George Watson

Personal information
- Full name: George William Robert Watson
- Date of birth: 4 December 1905
- Place of birth: Forest Gate, Essex, England
- Date of death: 1991 (aged 85–86)
- Place of death: Waltham Forest, England
- Position(s): Goalkeeper

Youth career
- Wycliffe Albion

Senior career*
- Years: Team / Apps / (Gls)
- Abbey Langthorne Works
- 1929–1935: West Ham United / 33 / (0)
- → Ilford (loan)

= George Watson (footballer, born 1905) =

English footballer

George William Robert Watson (4 December 1905 – 1991) was an English footballer who played as a goalkeeper in the Football League for West Ham United.

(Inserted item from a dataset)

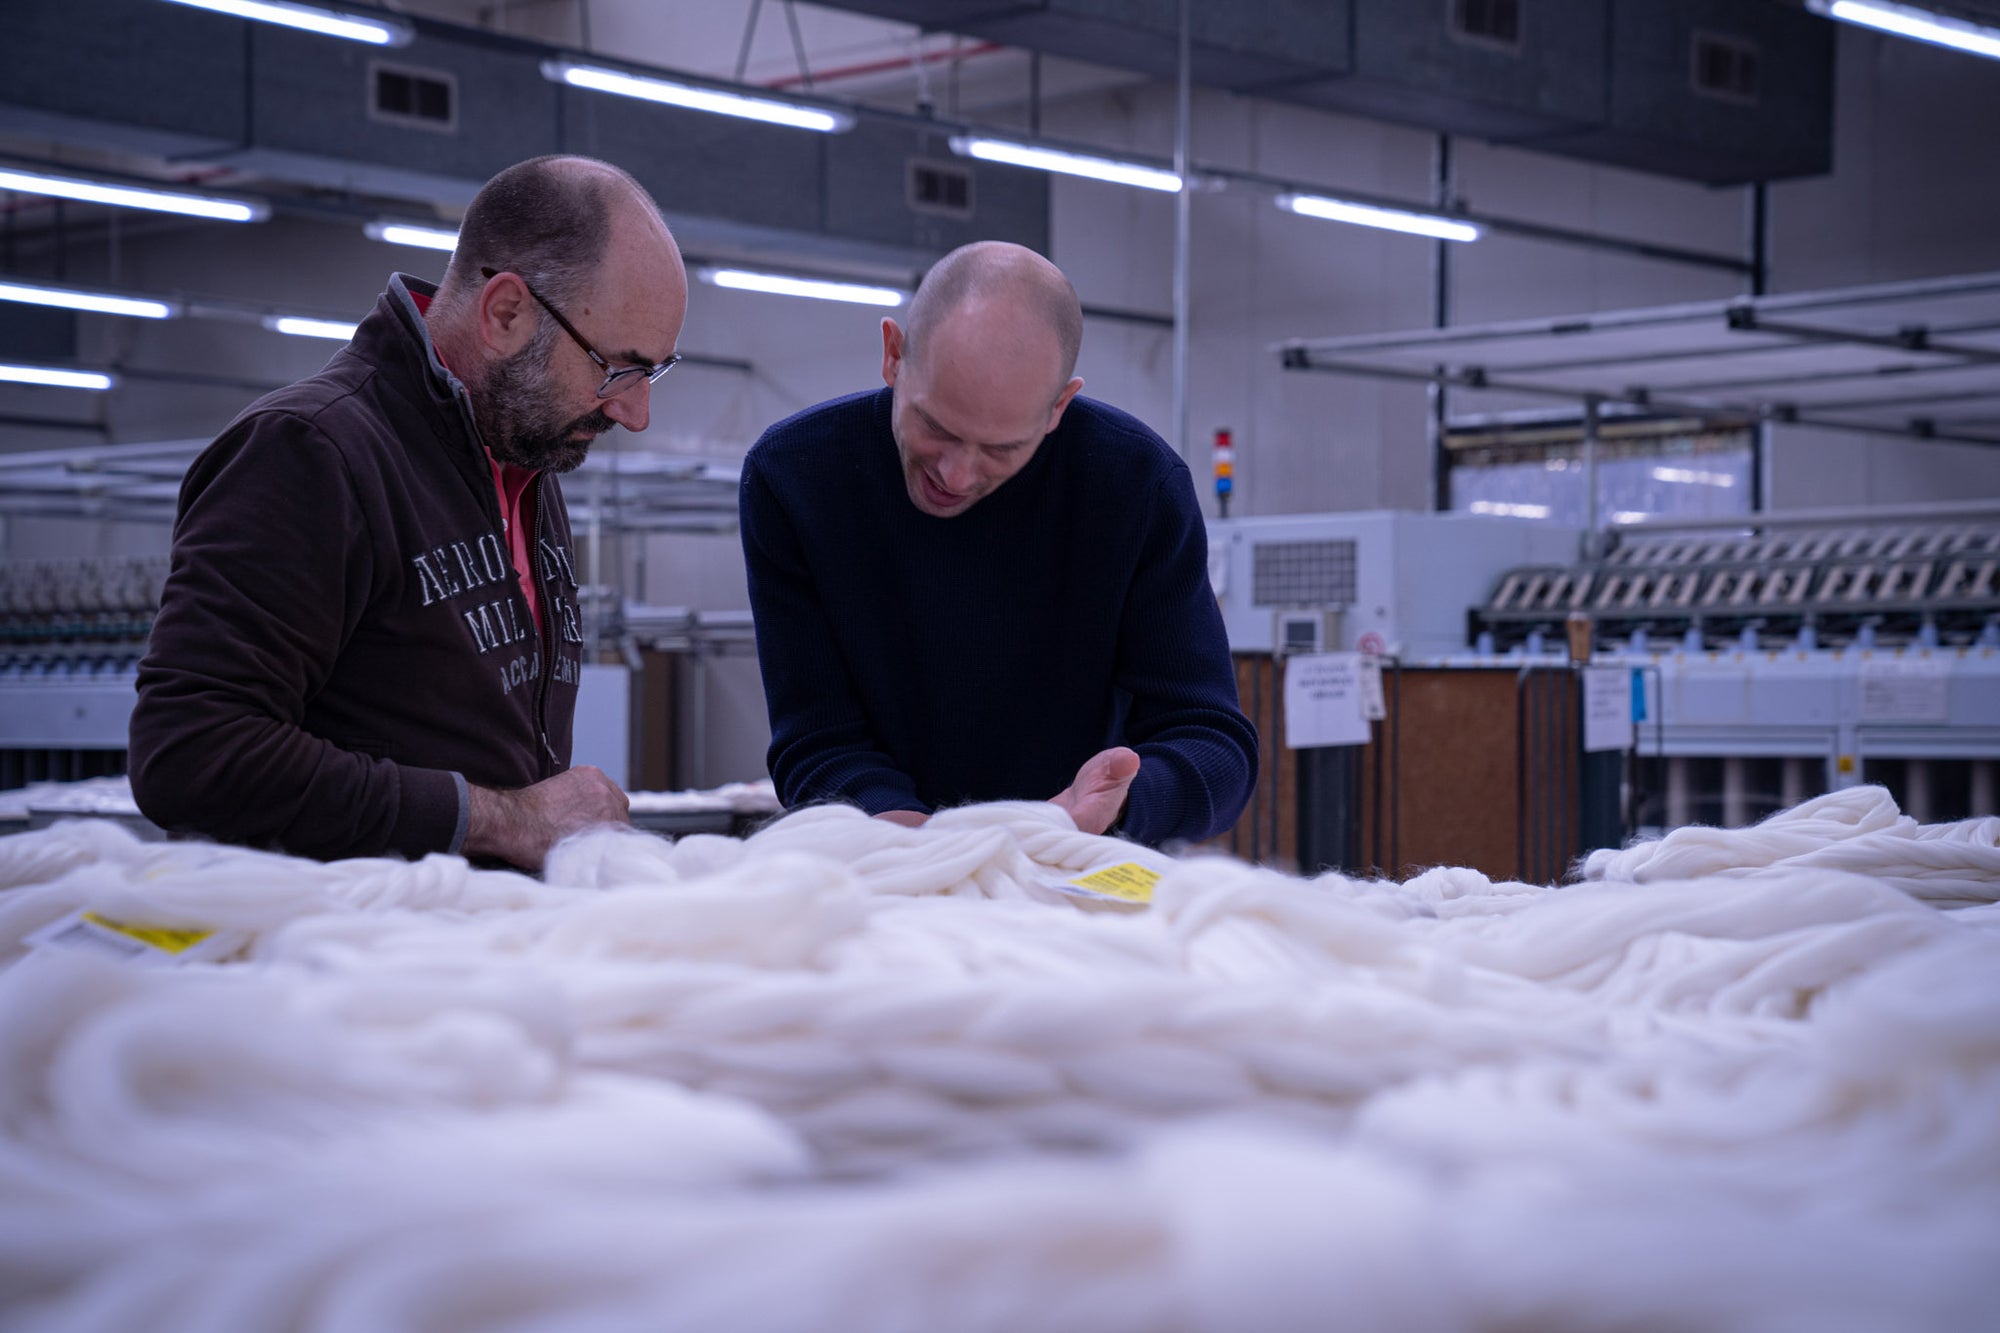 Inspection of combed Merino wool tops at spinning facility in Tarcento

Watson was born in Forest Gate and played as a centre-forward for Forest Gate and District League side Wycliffe Albion, his 69 goals helping to win the championship for his local team. He played for Abbey Langthorne Works, where he switched to goalkeeping duties, before joining West Ham United as an amateur during the 1929–30 season. He was sent to Ilford to gain experience before signing for the Hammers as a professional.

He made his senior debut for West Ham on 29 August 1932, in a Second Division encounter against Bradford City. He was a regular in his first season at the club, replacing Ted Hufton who had left for Watford, and was part of the team that reached the semi-final of the FA Cup.

His second season at the club saw only six first-team appearances. His single appearance in 1934–35, and his final game for West Ham, came on 20 April 1935, against Southampton, and he left the club with 38 appearances to his name.